What the exercise asks:
An exact reproduction of the data below is expected, free of images.

Data extract:
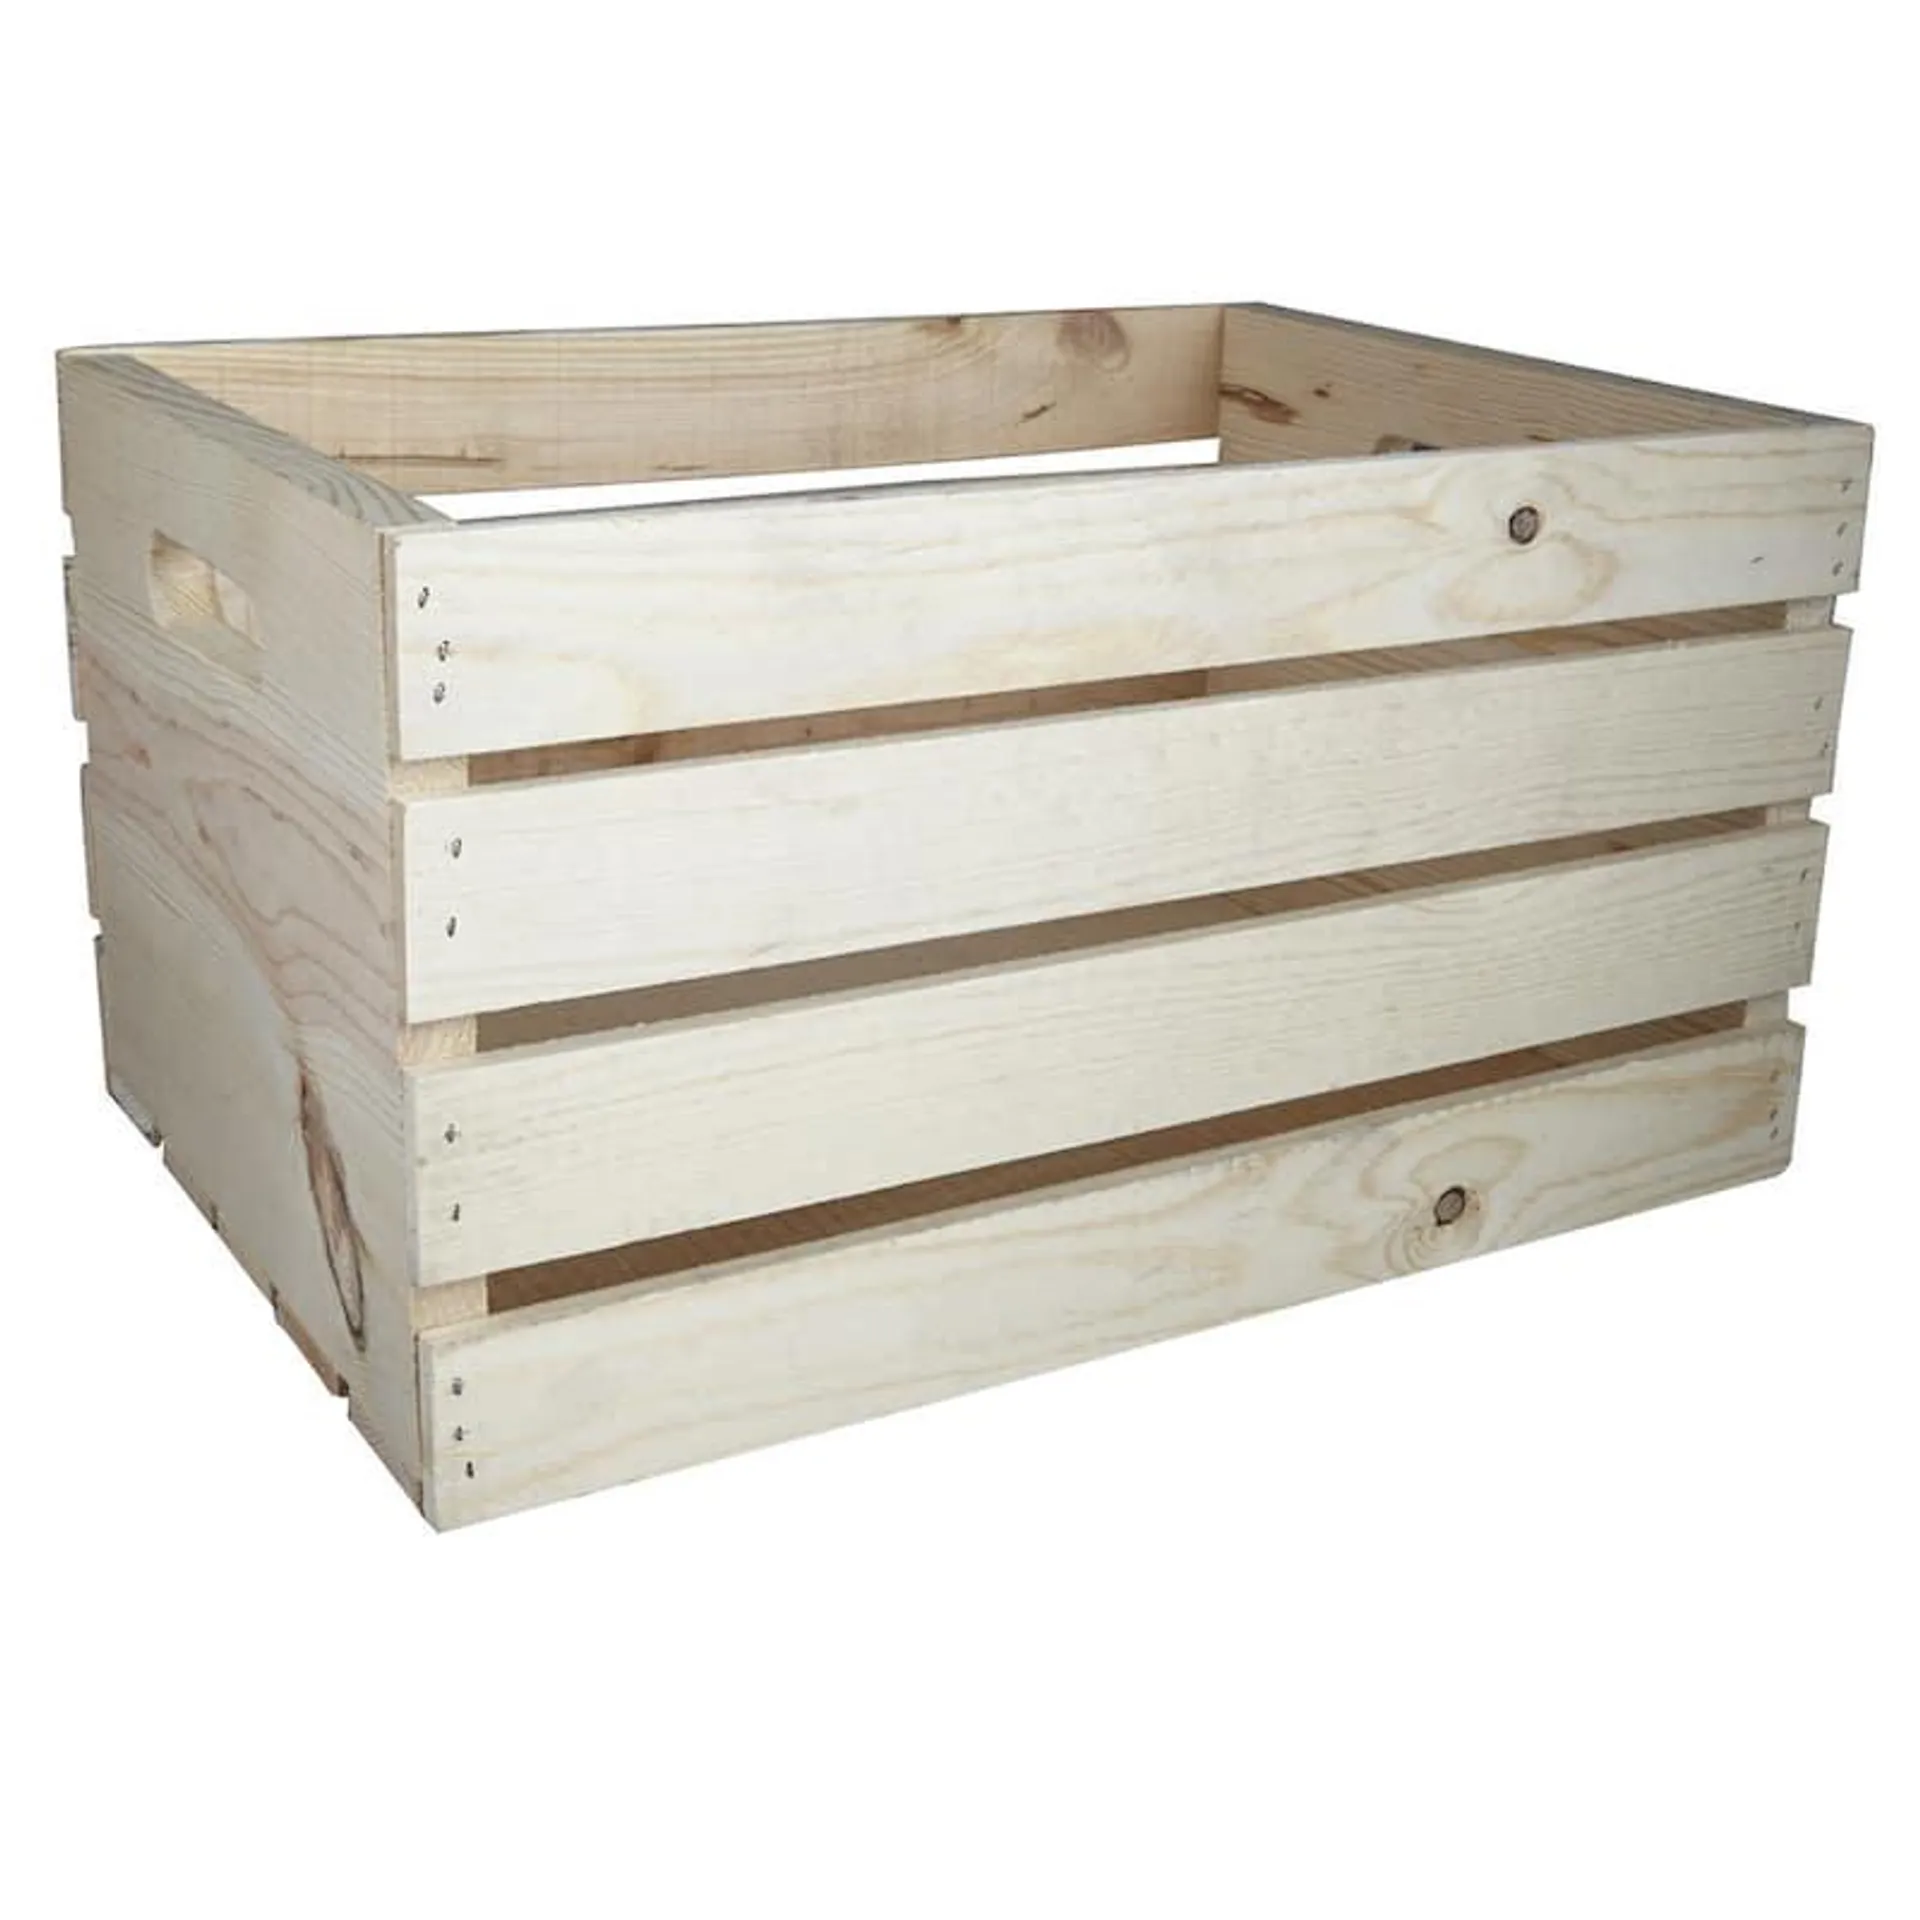 Storage Baskets & Boxes
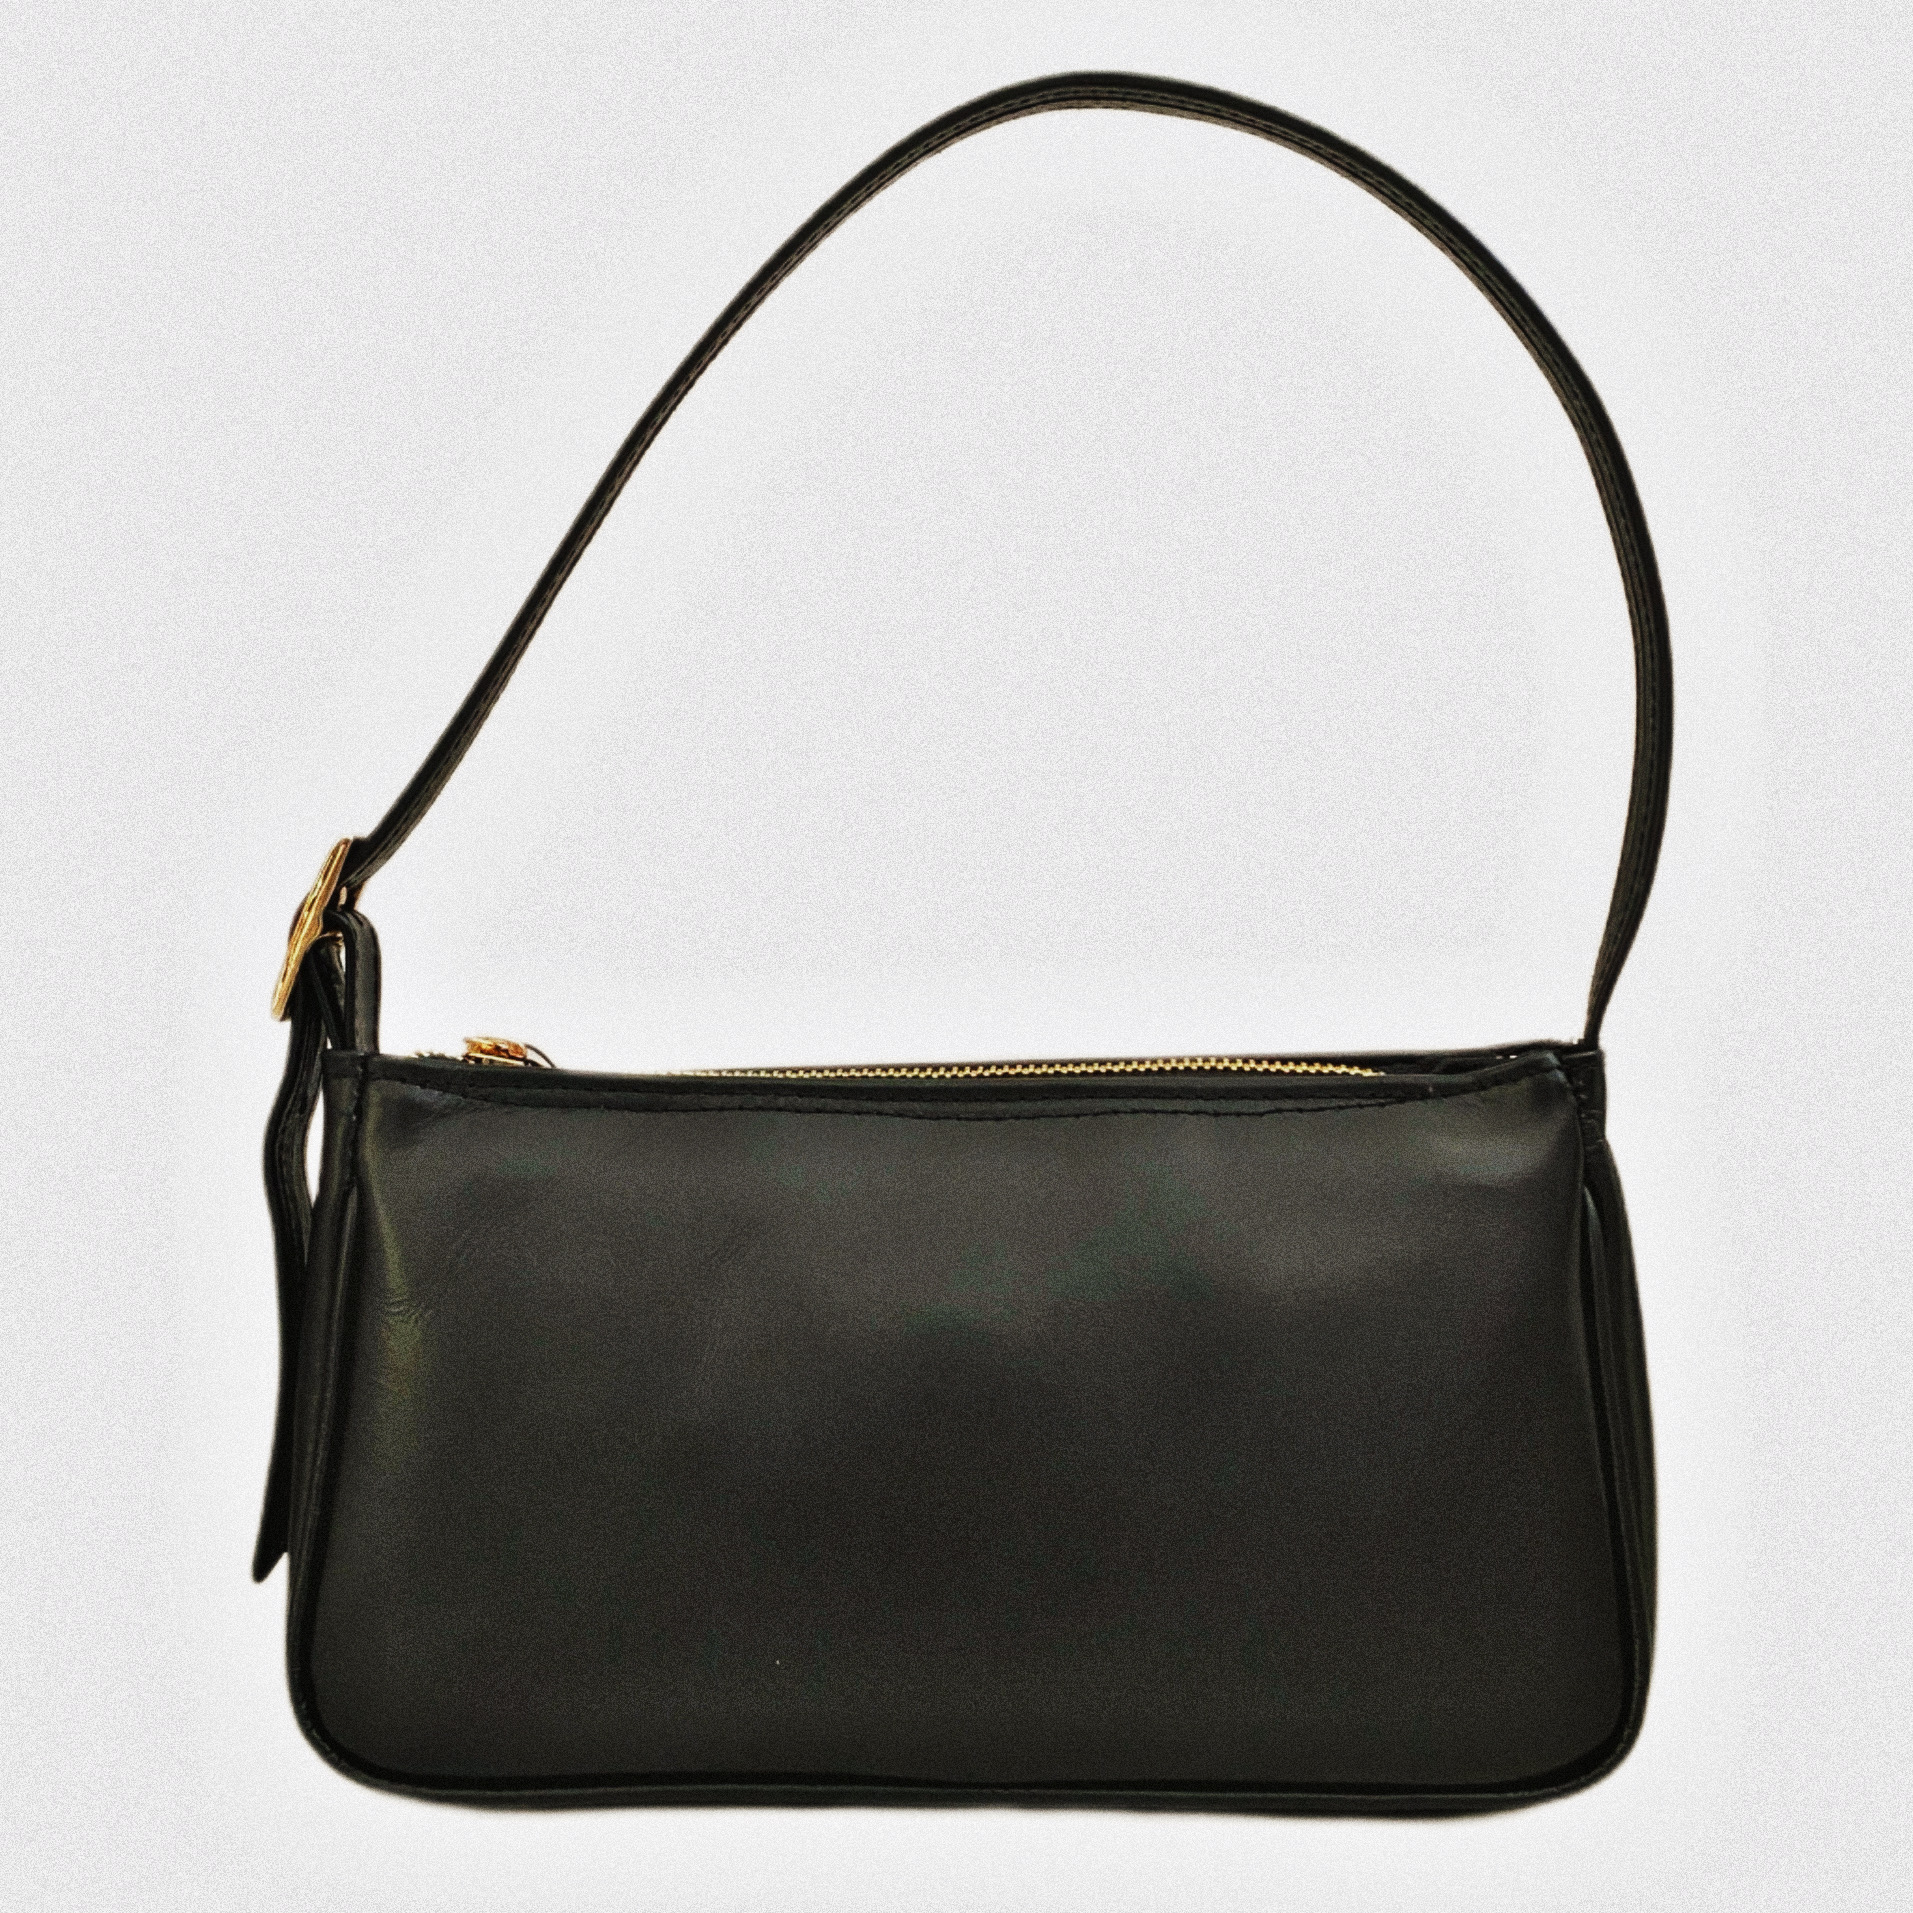 Clic Jewels Shoulder bag minimal black smooth genuine leather
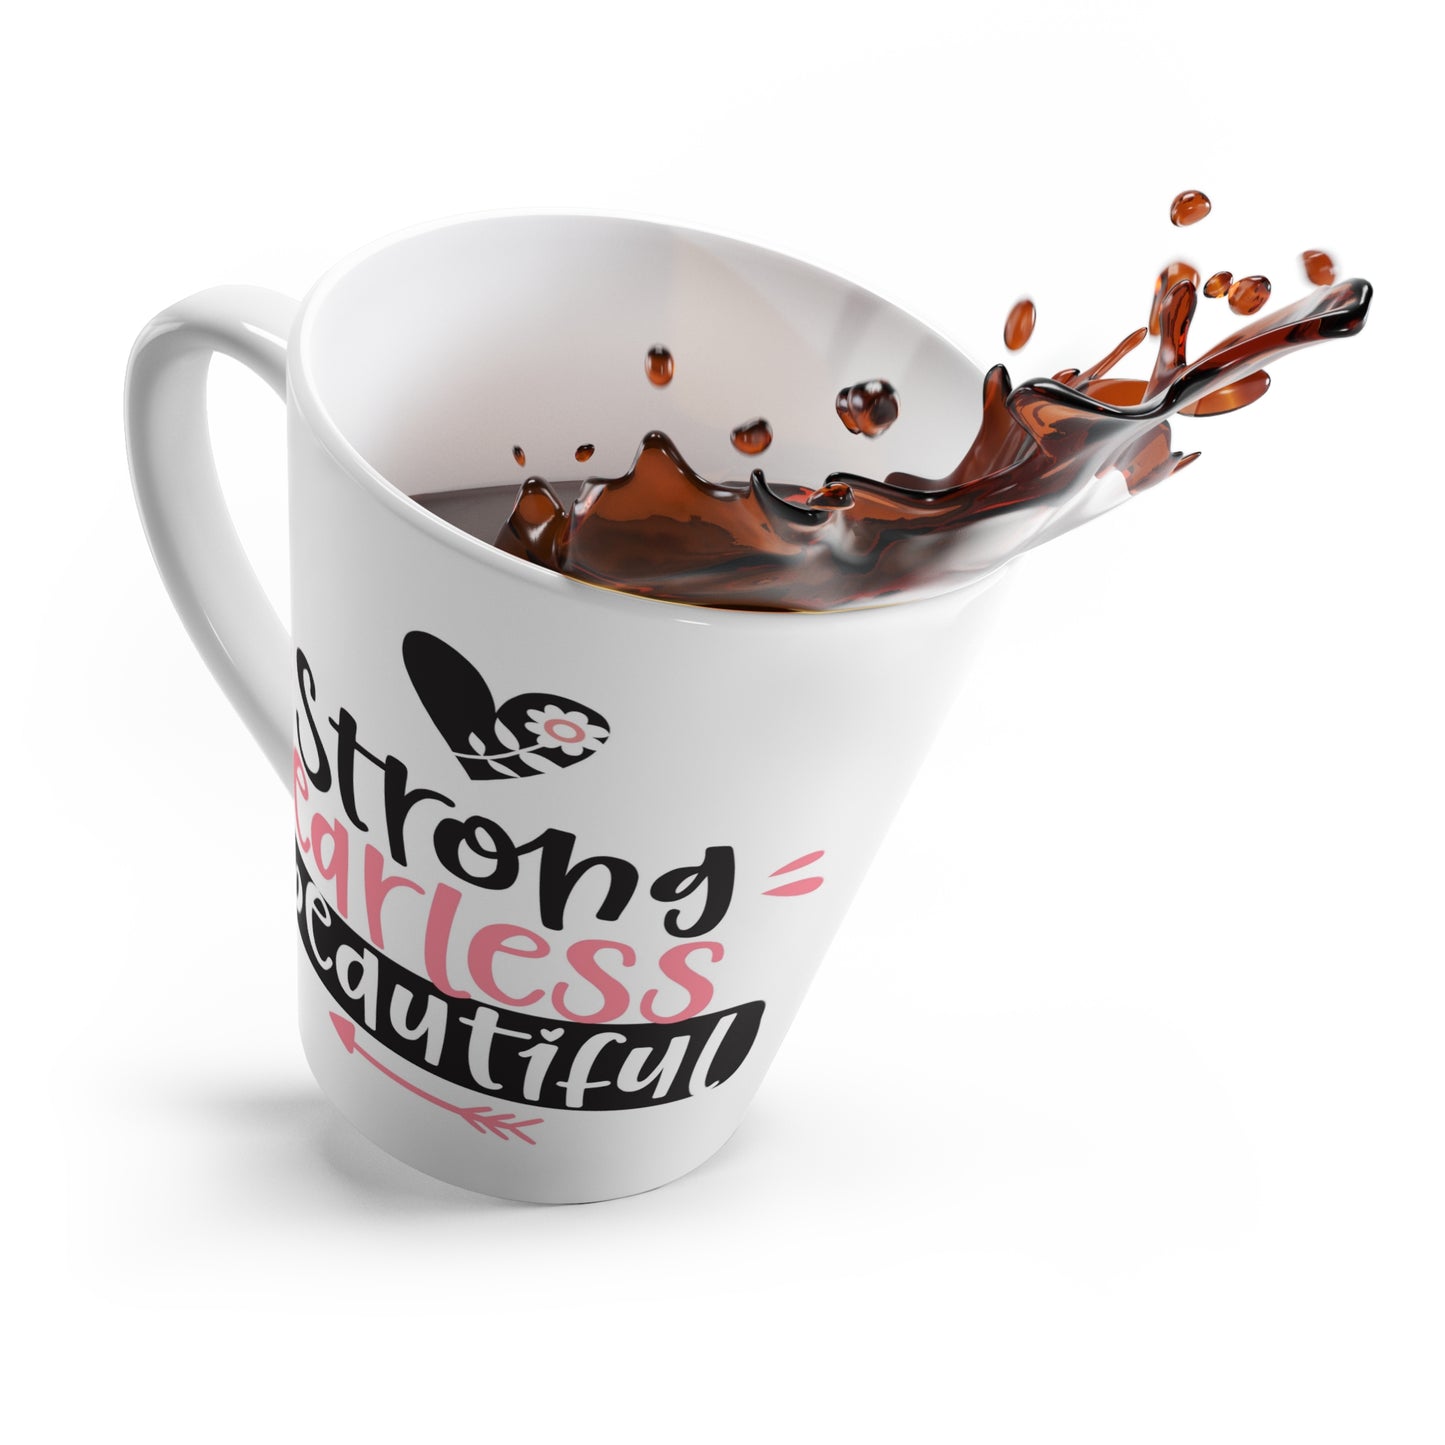 Strong - fearless - beautiful Latte Mug

Reply:
 Storage Baskets & Boxes
 Clic Jewels Shoulder bag minimal black smooth genuine leather
 Strong - fearless - beautiful Latte Mug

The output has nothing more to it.